One, lower cost of credit. The RBI has done well in improving rupee liquidity and dollar liquidity. All levers should be applied towards ensuring that the local money market works well. Firms should feel confident about their ability to borrow large quantities of money at prevailing interest rates. Fears about a potential shortage of dollars should be forestalled well ahead of time. Capital controls should continue to be eased to allow firms to access dollars wherever available. Line of credit should be established with the US Fed, EXIM banks and multilateral agencies. Once call money rates stay stable and confidence in liquidity availability is restored, the RBI should cut both the repo and the reverse repo rates in line with the slower growth and lower inflation expected in the coming months. The RBI should not only be ahead of the curve, it should also be seen to be so.

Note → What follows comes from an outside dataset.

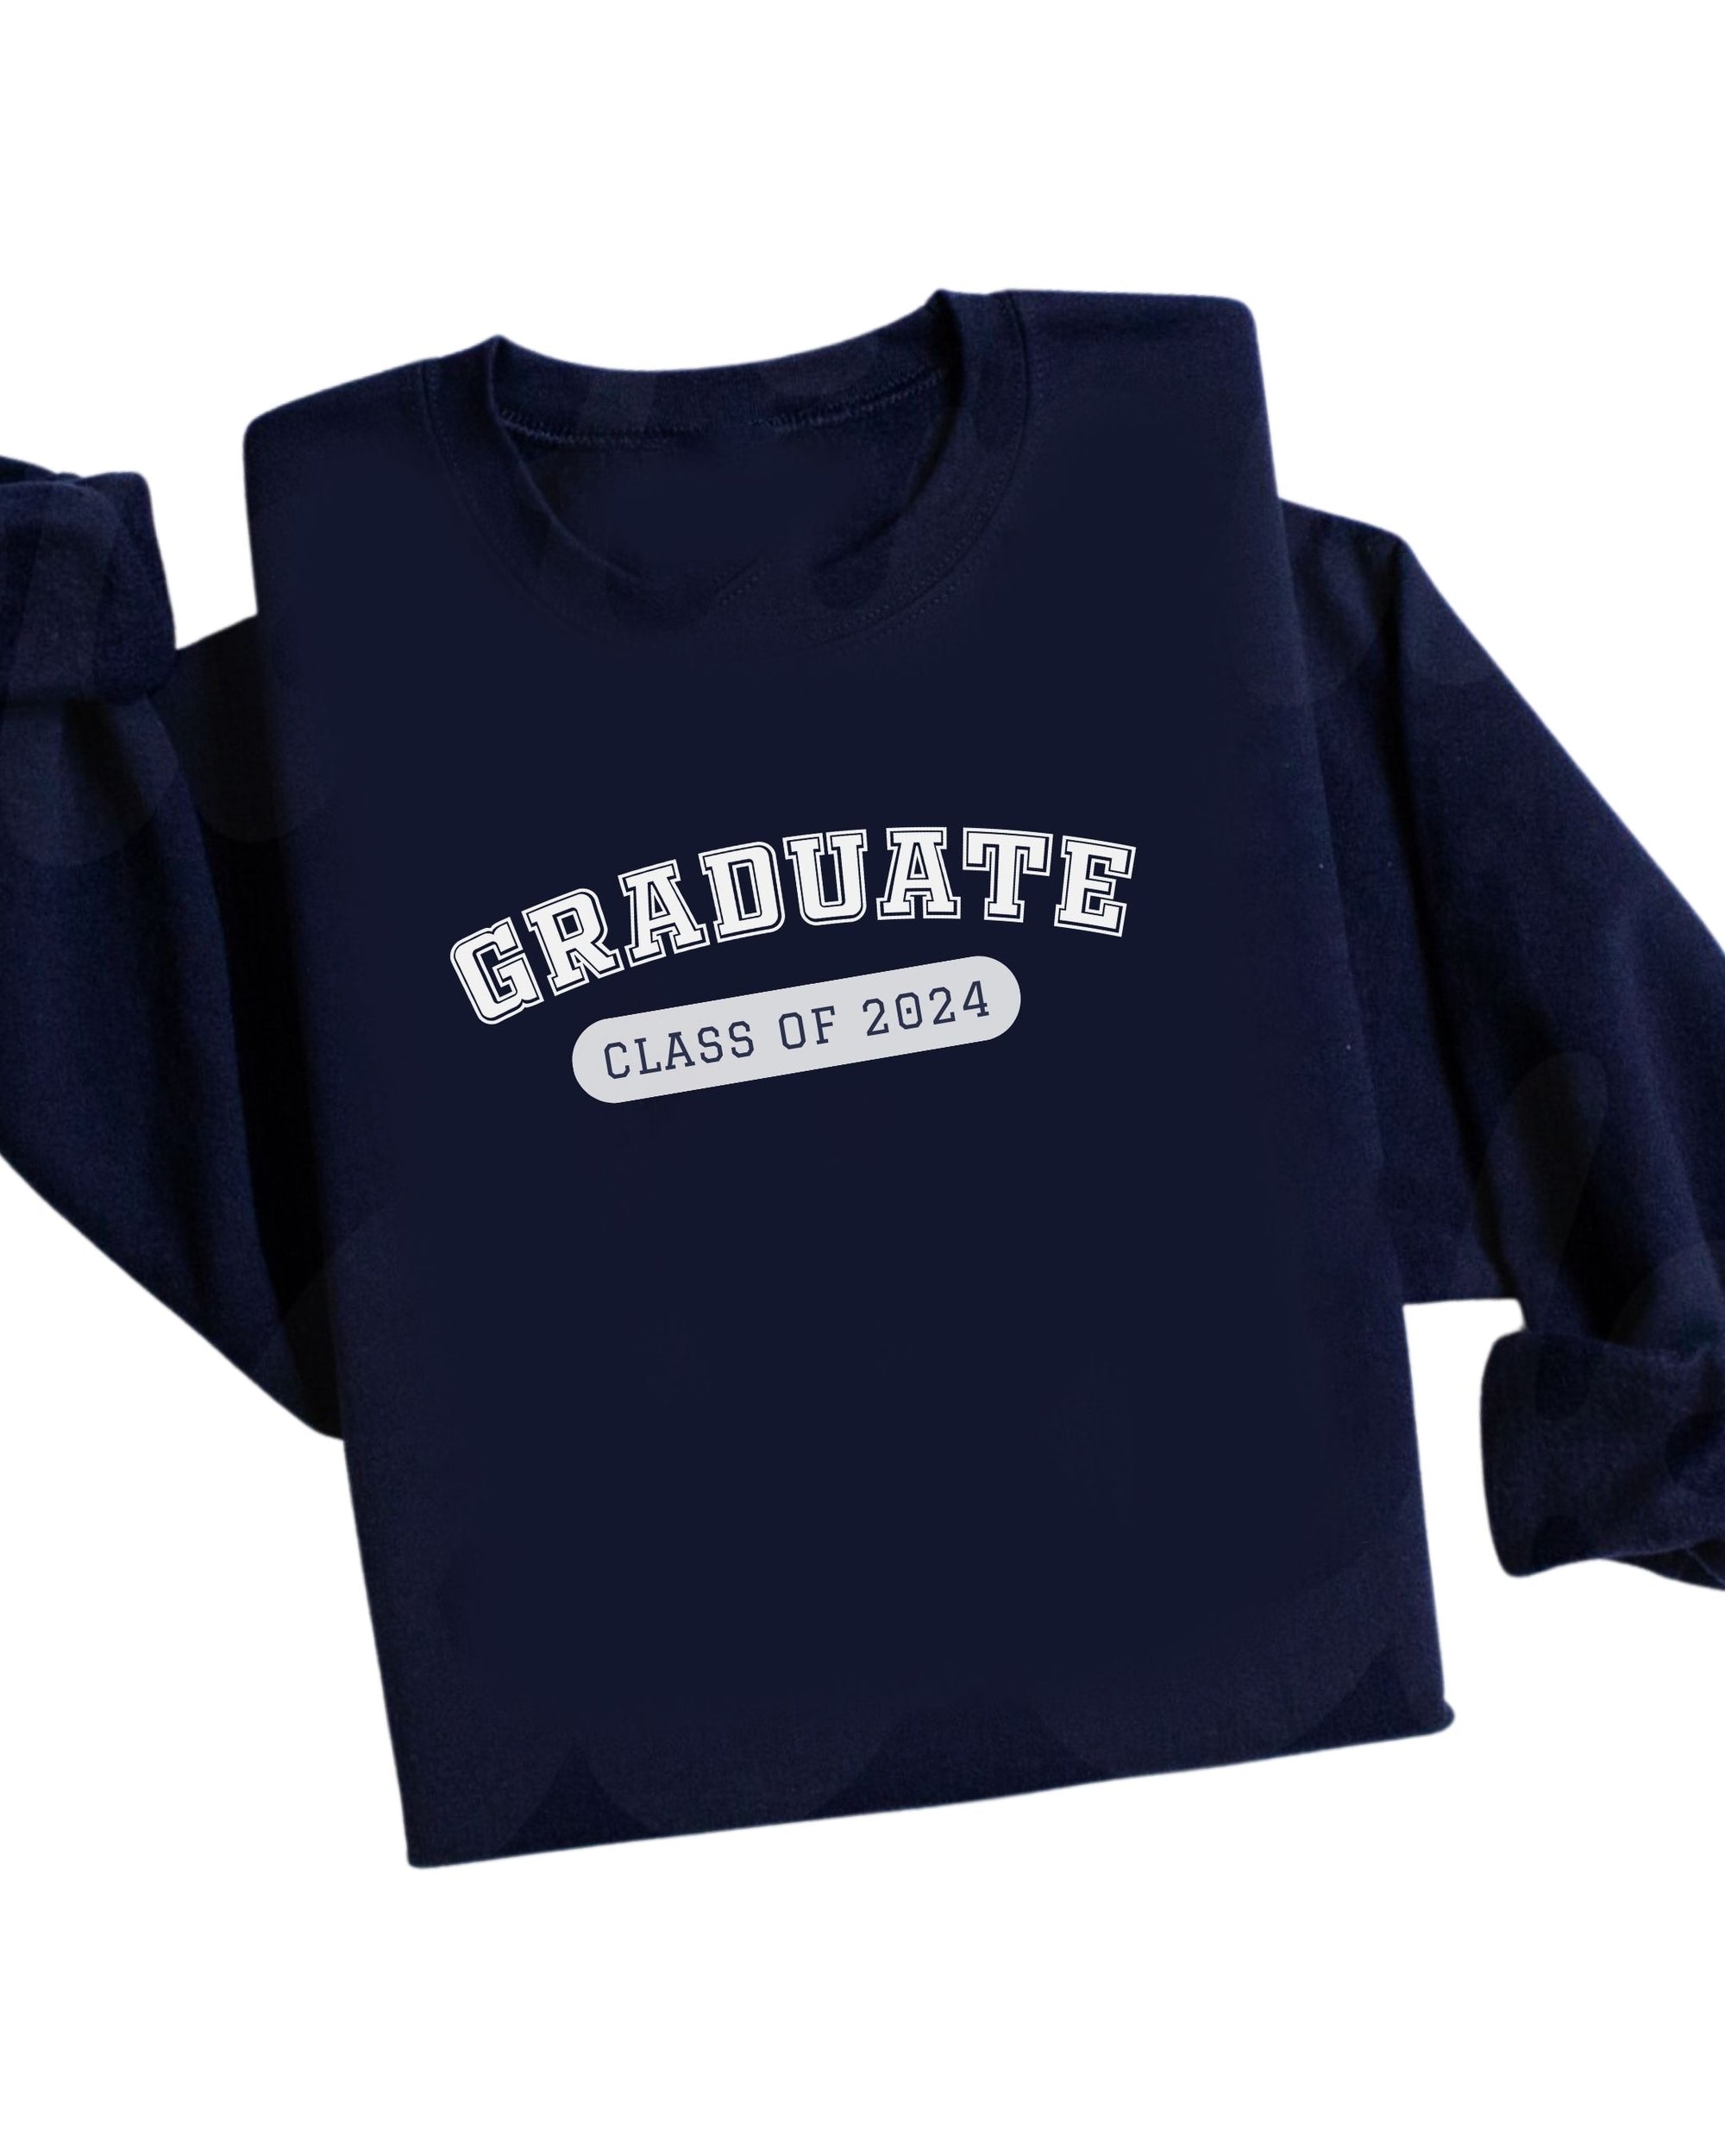 Navy Graduate Crewneck Sweater Class of 2024
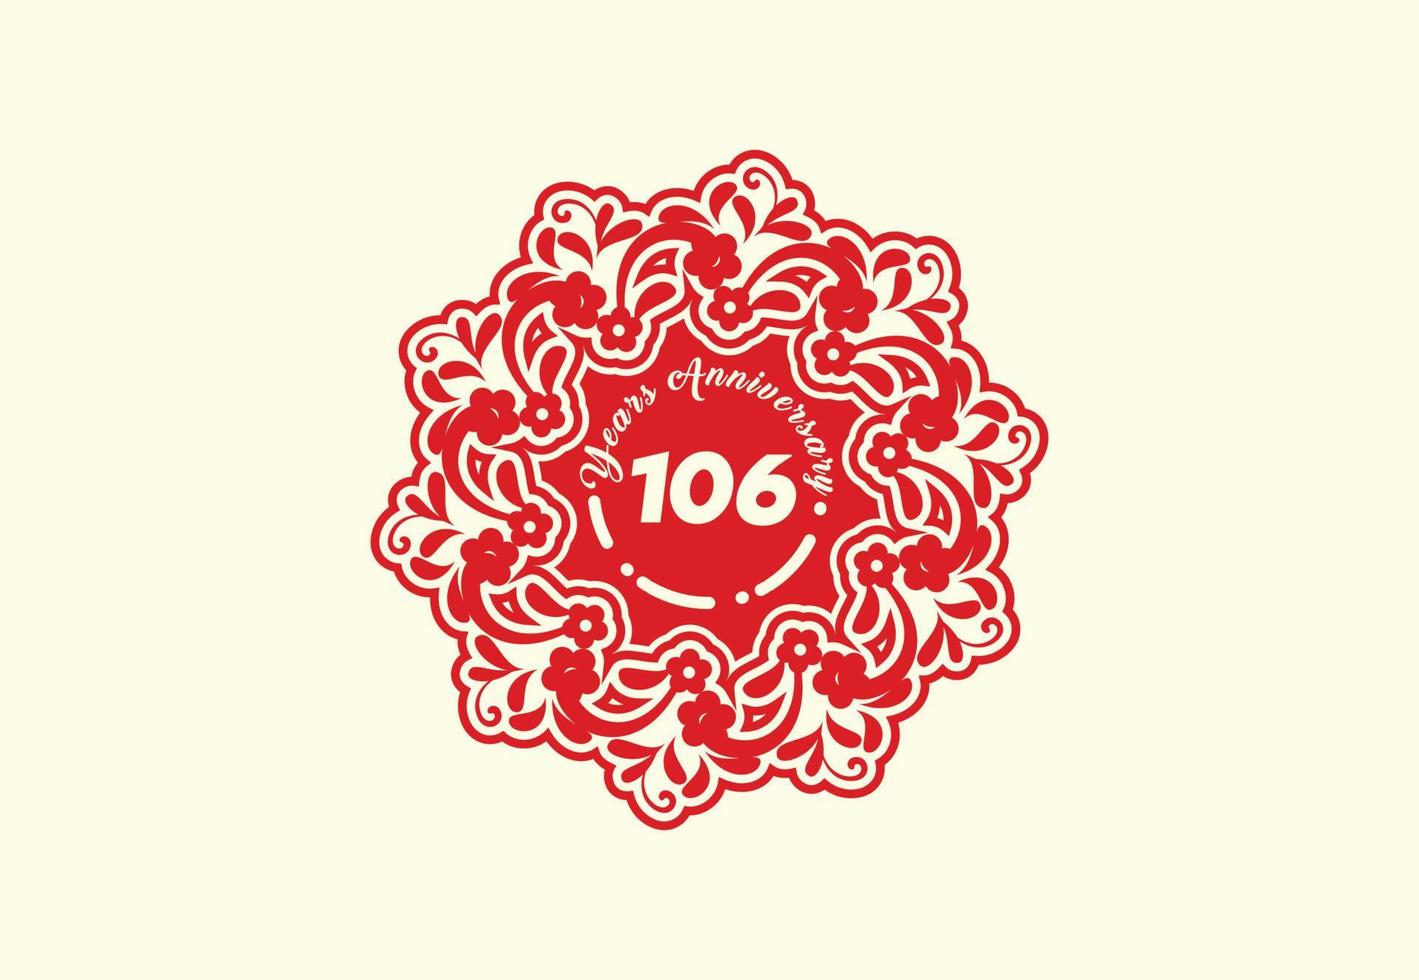 Conception du logo et de l'autocollant du 106e anniversaire vecteur

Two, more transparency on reserves. RBI intervention and revaluation data should be published weekly along with the data for value for reserves. When the dollar, euro or yen rate changes, it leads to changes in the value of India’s reserves that are held in dollars and euros and yens, or revaluation. When the weekly data for reserves is published, there is a huge amount of guess work on the extent of RBI intervention and revaluation. If the market does not know what part of the decline in reserves is due to revaluation, there is a perception that all of it is due to RBI intervention. This leads to two fears: that the RBI is sucking rupees out of the market and soon liquidity will tighten again, and so banks cannot reduce lending rates; and that if reserves continue to decline at the rate of $10-15 billion a week, then in less than six months we could be hitting the bottom of the barrel. Publishing weekly data on revaluation and intervention will reduce misperceptions about the RBI’s actions.